O kavaklar bana her zaman gökyüzüyle bütünleşmiş gibi gelirdi. Kökleriyle toprağa, dallarıyla semaya tutunmuşlardı. Yanlarından geçen dere, onları öyle beslemişti ki, adeta göğe merdiven dayamışlardı. Su, sabırla akmış; kavaklar sabırla uzamıştı. Hayat da öyle değil miydi zaten? Sessizce akanlar, en çok yükselenler olurdu.
Nedense kendimi hep o ağaçlarla eş tuttum. İnce, uzun, rüzgâra açık… Ama kökleri derinde. Her savruluş bir kopuş değildi; bazen sadece esnemekti.

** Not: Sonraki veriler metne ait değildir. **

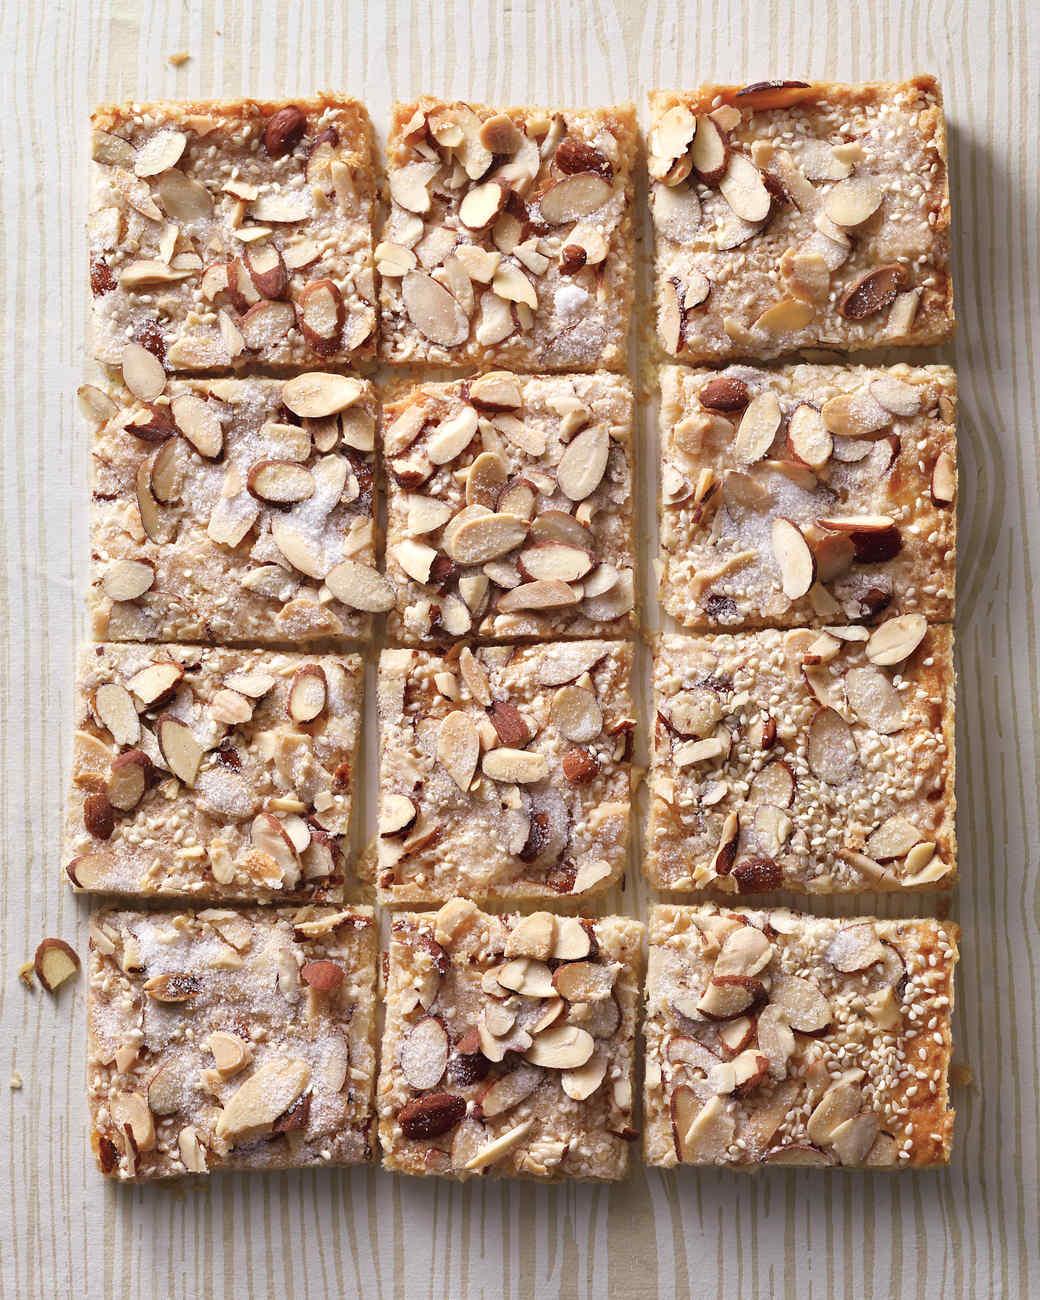 Gingered Sesame-Almond Shortbread Bark

Sonbahar geldiğinde yaprakları gazel olurdu. Dallarından kopan yaprakları toplar, tandır başında yufka ekmek yaparken ateşe atardık. O yapraklar, bir ağacın vedasıydı belki ama bizim için ekmeğin, bereketin, sofranın parçasıydı. Hayatın döngüsünü o yaşta öğrenmiştim: Düşen her şey kaybolmaz, bazen başka bir şeye dönüşür.
Bahar geldiğinde ise kavakların pamukları uçuşurdu. O beyazlık bana her zaman şefkati hatırlattı. Yaraları saran, sesi yükseltmeden varlığını hissettiren bir şefkati… Kavaklar o zaman korkutucu değil, anaçtı. Rüzgâr bile daha yumuşak eserdi dallarında.
Bugün hâlâ bir kavak ağacı gördüğümde durur, bakarım. Çünkü bazı ağaçlar sadece ağaç değildir. Kimi zaman bir baba sessizliği, kimi zaman bir gece korkusu, kimi zaman da şefkatli bir bahar sabahıdır.
Kavaklar bana şunu öğretti:
İnsan, rüzgârda sallansa da köklerini unutmamalı. Çünkü göğe uzanmanın tek yolu, toprağa sağlam basmaktan geçer.